Harassment is a major problem on the Internet. A 2014 Pew survey found that 40% of US adult Internet users have personally experienced harassment, and 73% have seen someone else harassed. The most frequent venue of harassment is at social networking sites, like Twitter and Facebook (66%), with a further 16% at online gaming sites.
Given that Wikipedia is a cross between a social networking site and MMORPG, one would expect the problem to be prevalent here as well. So it was a welcome step that the WMF conducted its first ever survey about harassment on Wikimedia projects a few months ago. Designed and implemented by the WMF Support and Safety (SuSa) team (formerly Community Advocacy), it was conducted over a period of two weeks in November 2015. A report with the findings was published in late January 2016 (Preliminary report — Latest version).
The report is 52 pages long and filled with charts and numbers. What, if anything, do these numbers mean? Do they shed light on the prevalence and nature of the harassment encountered on Wikimedia projects?
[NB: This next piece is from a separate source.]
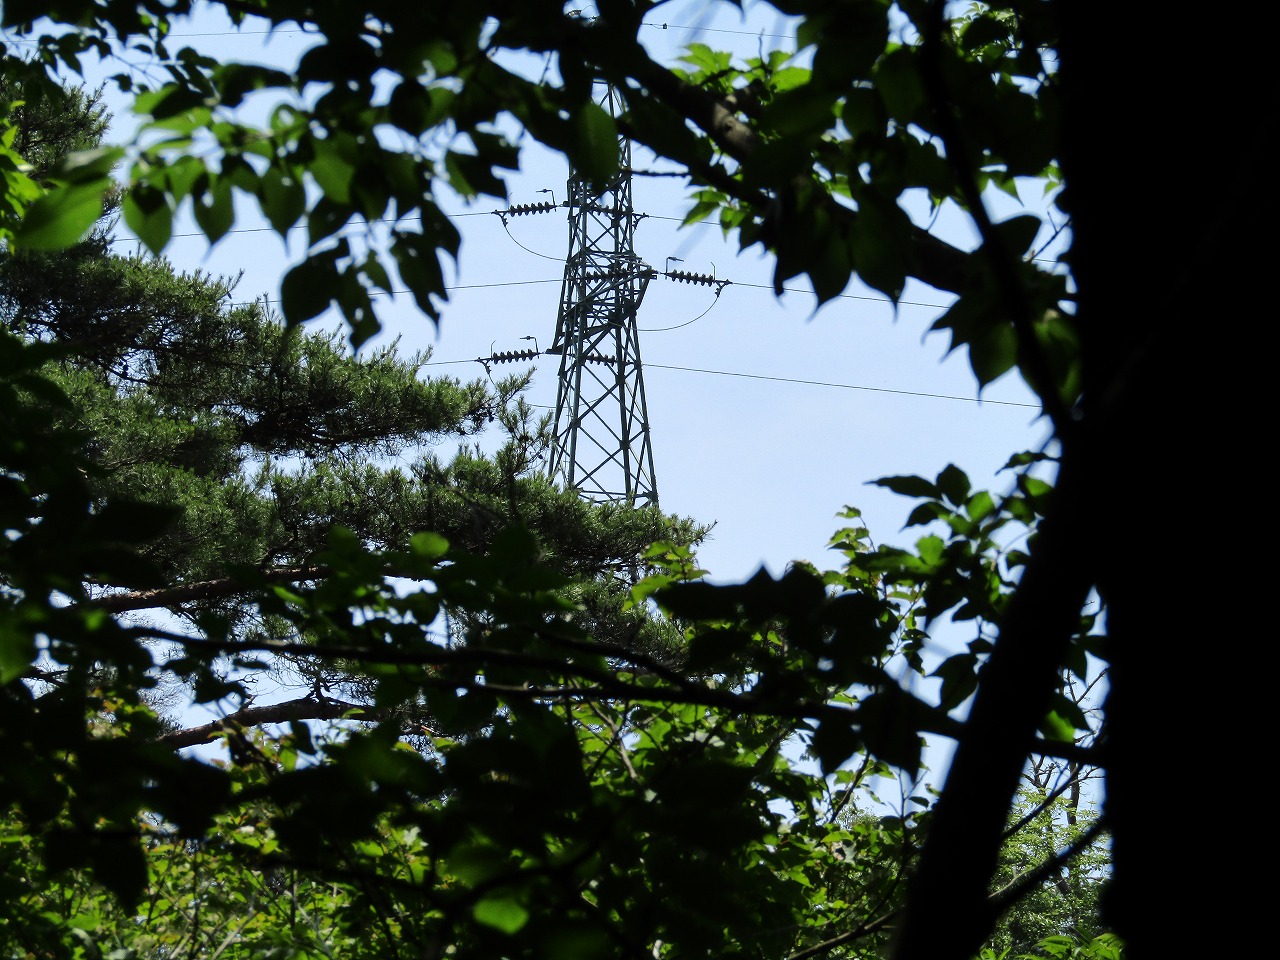 鵜川生産森林組合の看板、N0,57の所から鉄塔

This blog post will look at the survey in some detail. It is based on the Wikipediocracy forum thread about the survey and associated discussions on Meta by Wikipediocracy members and members of the WMF SuSa team. We will also compare and contrast the WMF survey to the aforementioned Pew survey.
The first question to ask in a survey is: how were the respondents selected from a pool of all editors? A small, well-chosen sample is better than a big, unrepresentative one (a well known example is the survey conducted by the publication Literary Digest to predict the result of the 1936 US Presidential election. They surveyed a massive 2.4 million people, but due to sampling bias got the wrong answer by a whopping 19%, which not surprisingly resulted in the election of a different President than the one they predicted). The WMF seems to have prioritized being more “open and inclusive”, with almost no thought given to the former issue. Comment from Patrick Earley: “First, as to the question of why we’re not doing scientific sampling to generate survey participants: when we design surveys at the Foundation, we tend to keep them as open and inclusive as possible. This approach often introduces some error when it comes to studying very specific issues related to small user population. Using a sampling approach that targets very narrow user groups would be better, but the high privacy standards that Wikimedia projects maintain tend to hinder such high-accuracy sampling, and subsequently leave us with a broad intake pool of respondents.”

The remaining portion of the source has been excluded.